To complete this task, print all the data below exactly but leave out the images.

DATASET EXTRACT:
= Beginning of Section =

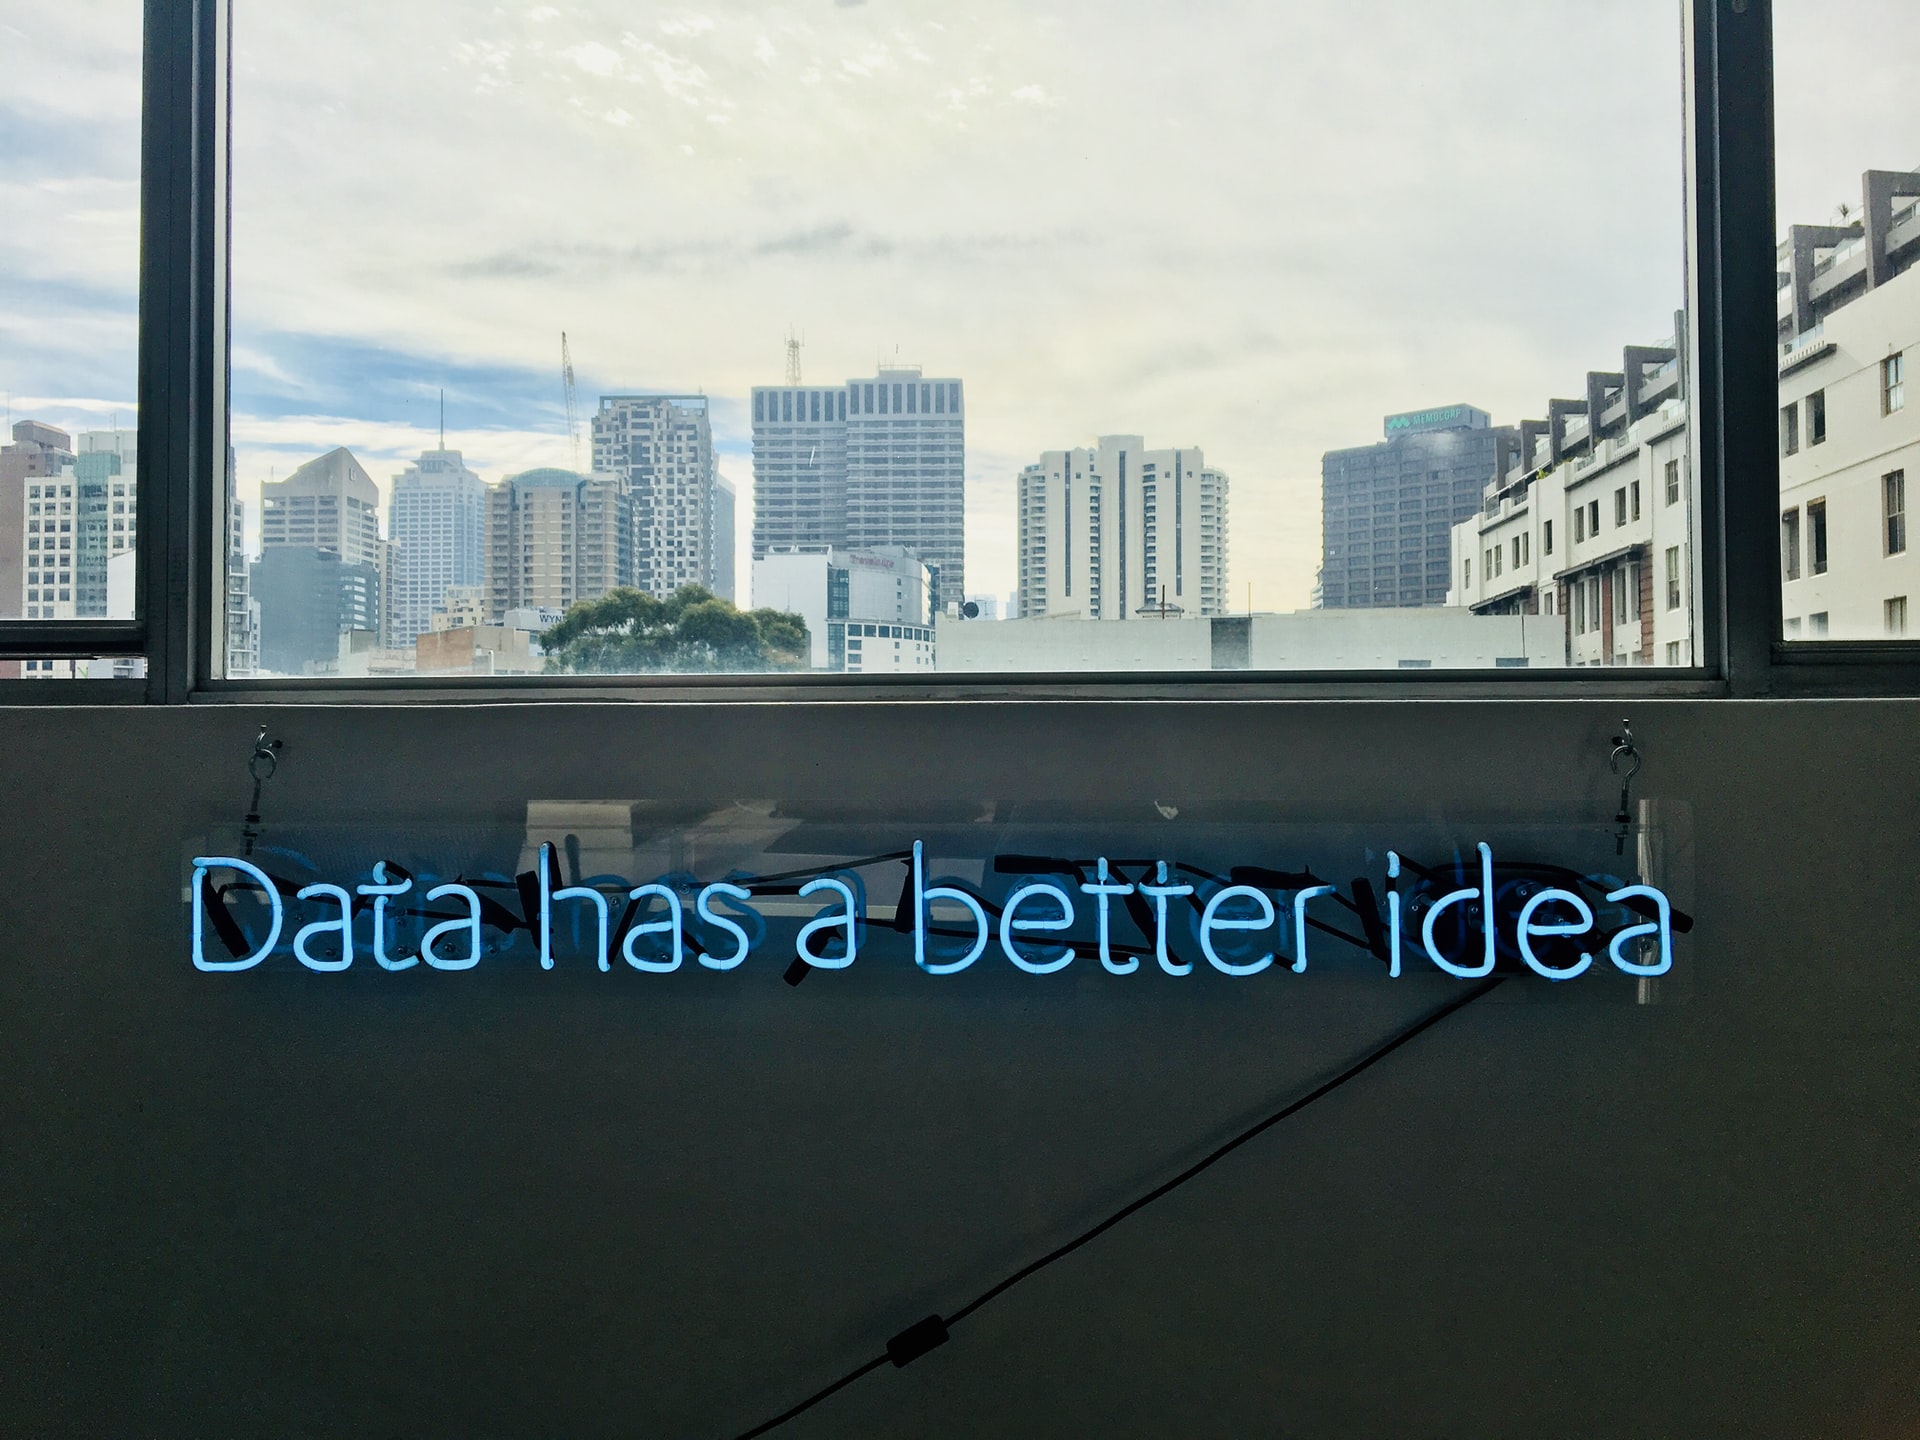 Data has a better idea by Franki Chamaki
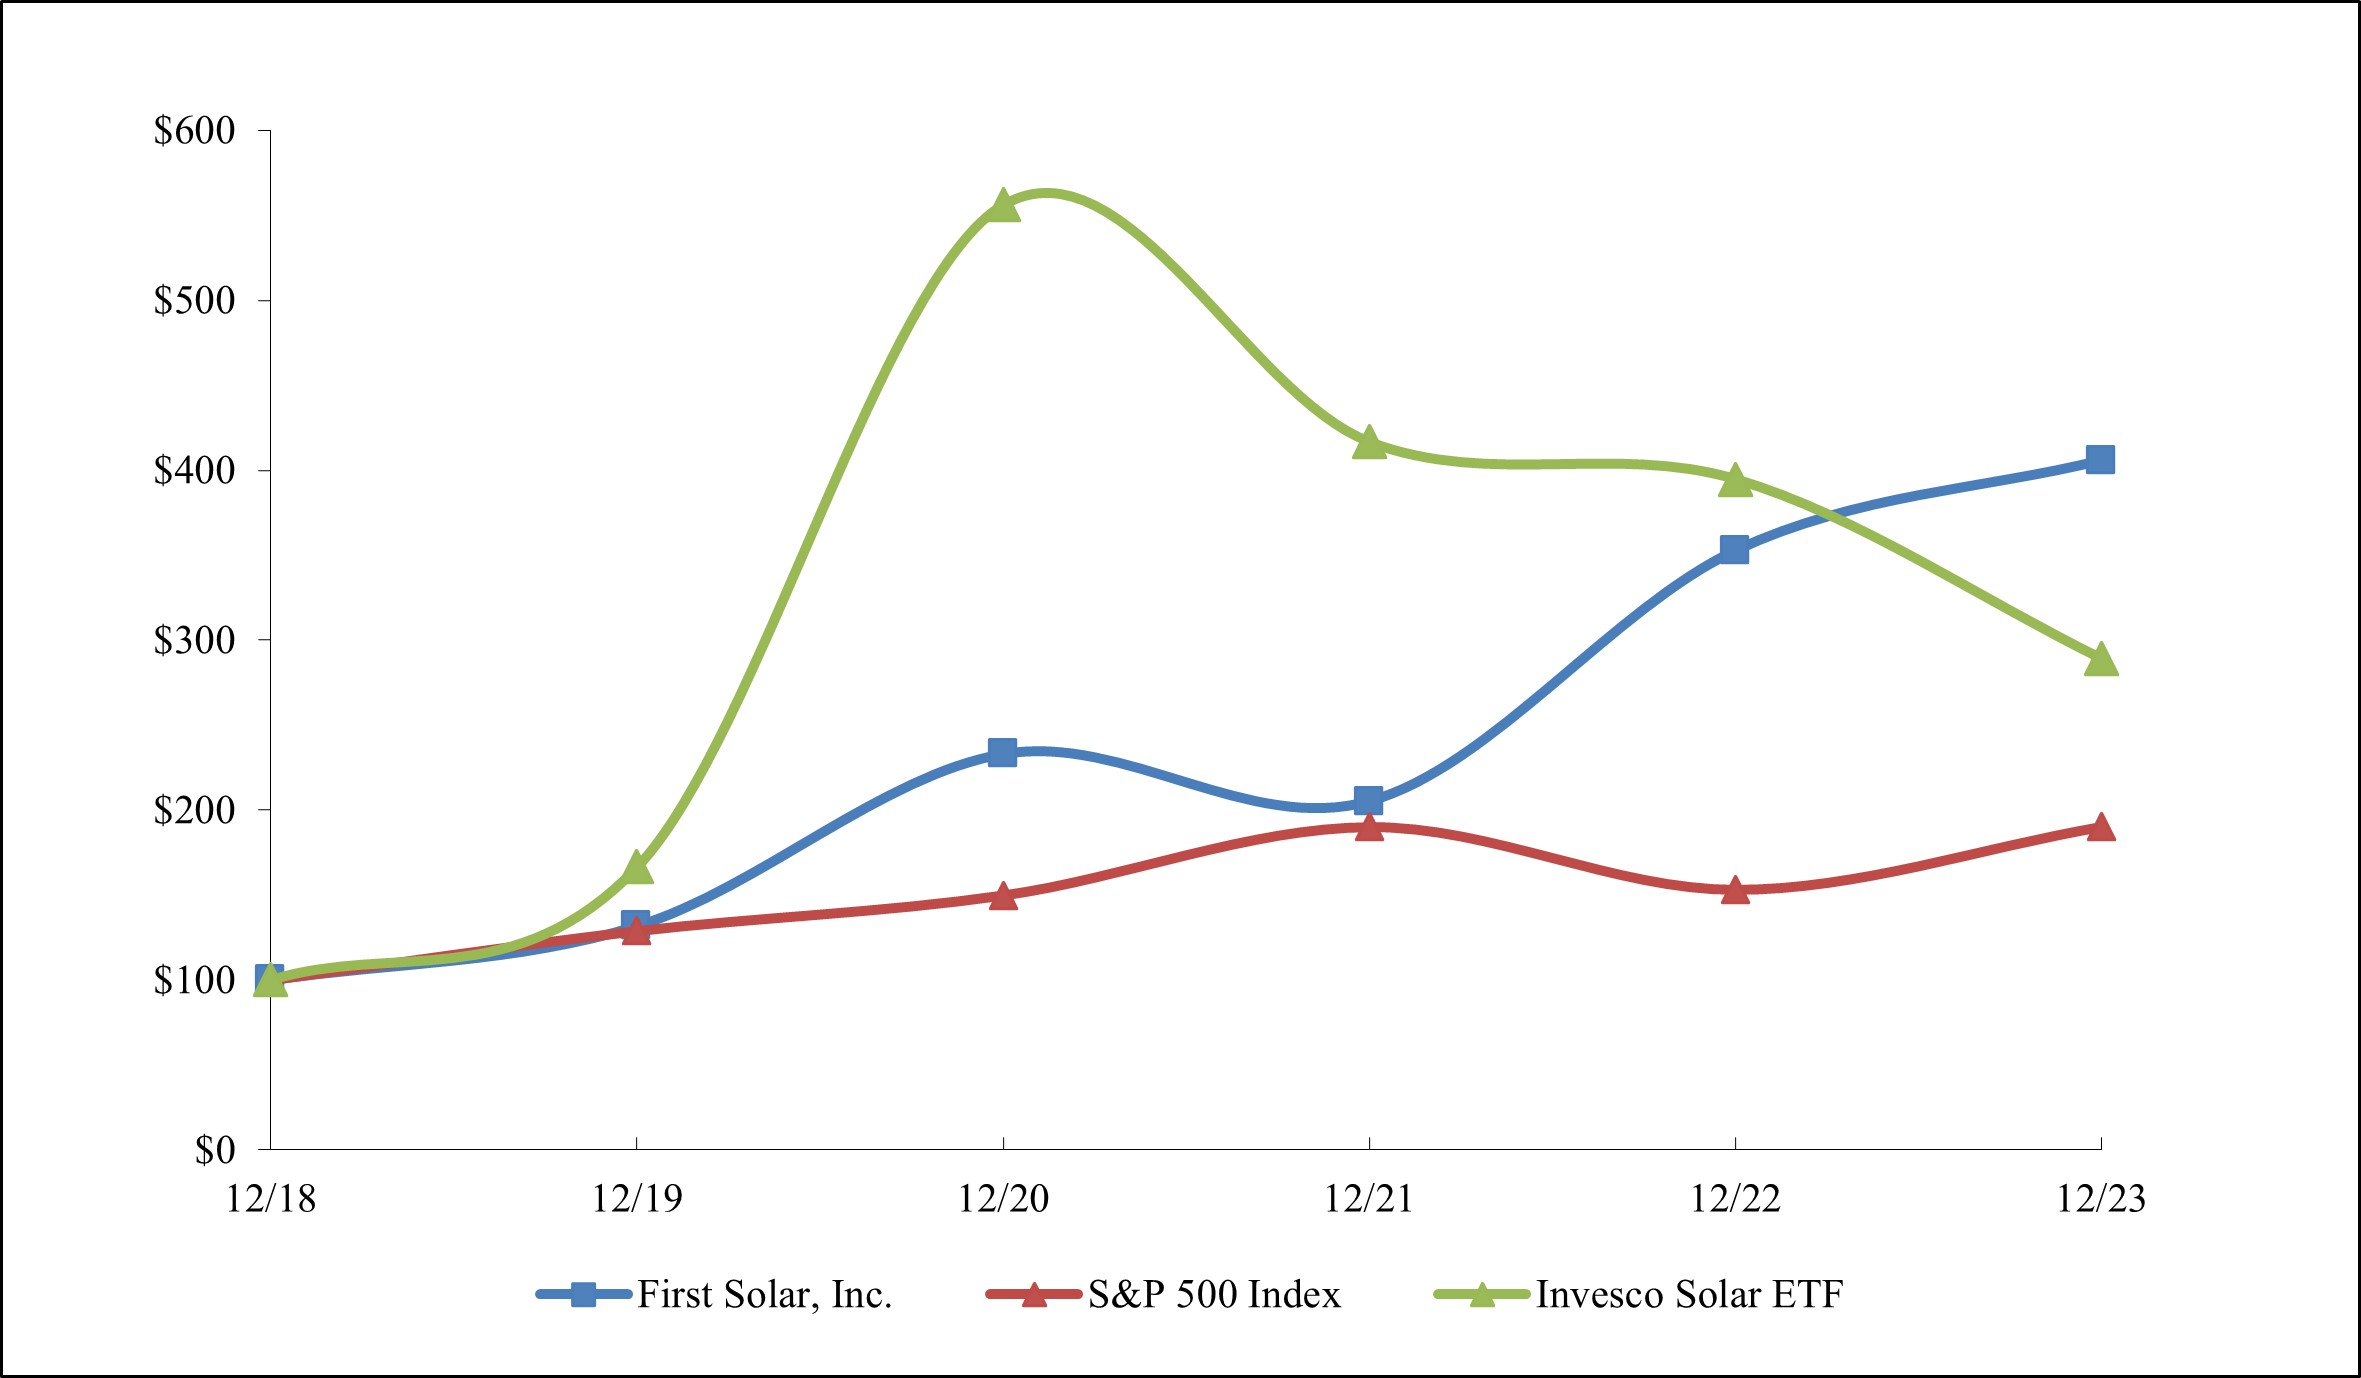 I5.1a - 2023 Stock Price Performance Graph Image.jpg
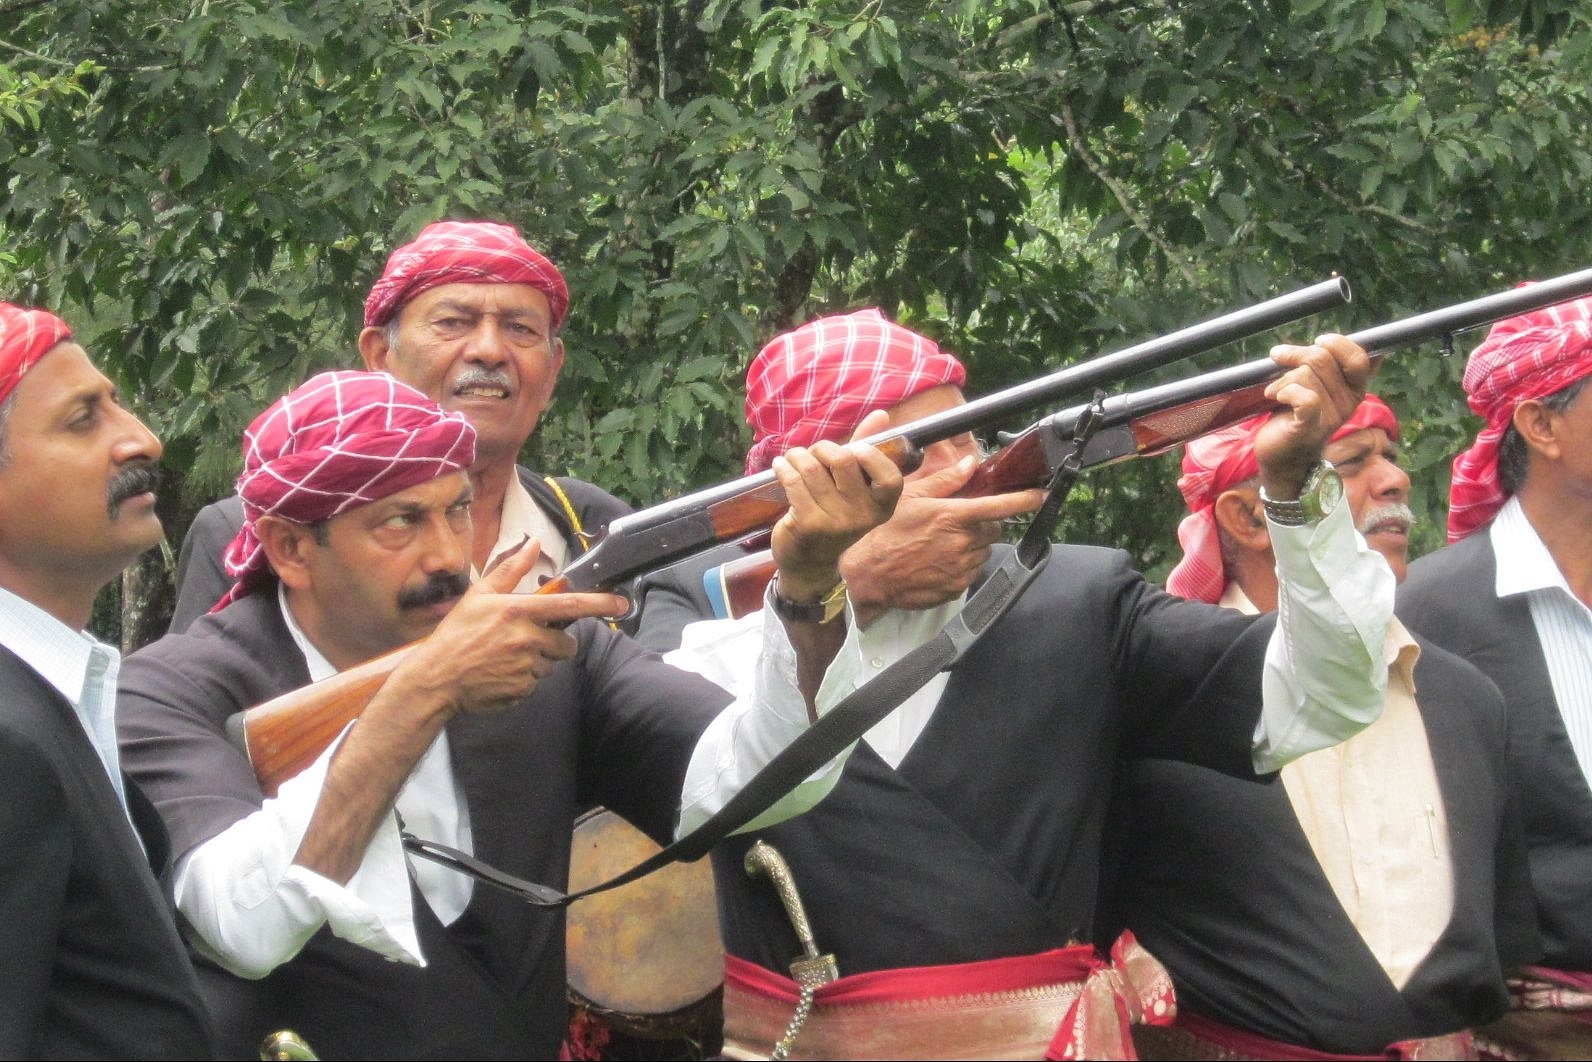 Kodavas with their guns.

= End of Section =

YOUR SOLUTION:
 Data has a better idea by Franki Chamaki
 I5.1a - 2023 Stock Price Performance Graph Image.jpg
 Kodavas with their guns.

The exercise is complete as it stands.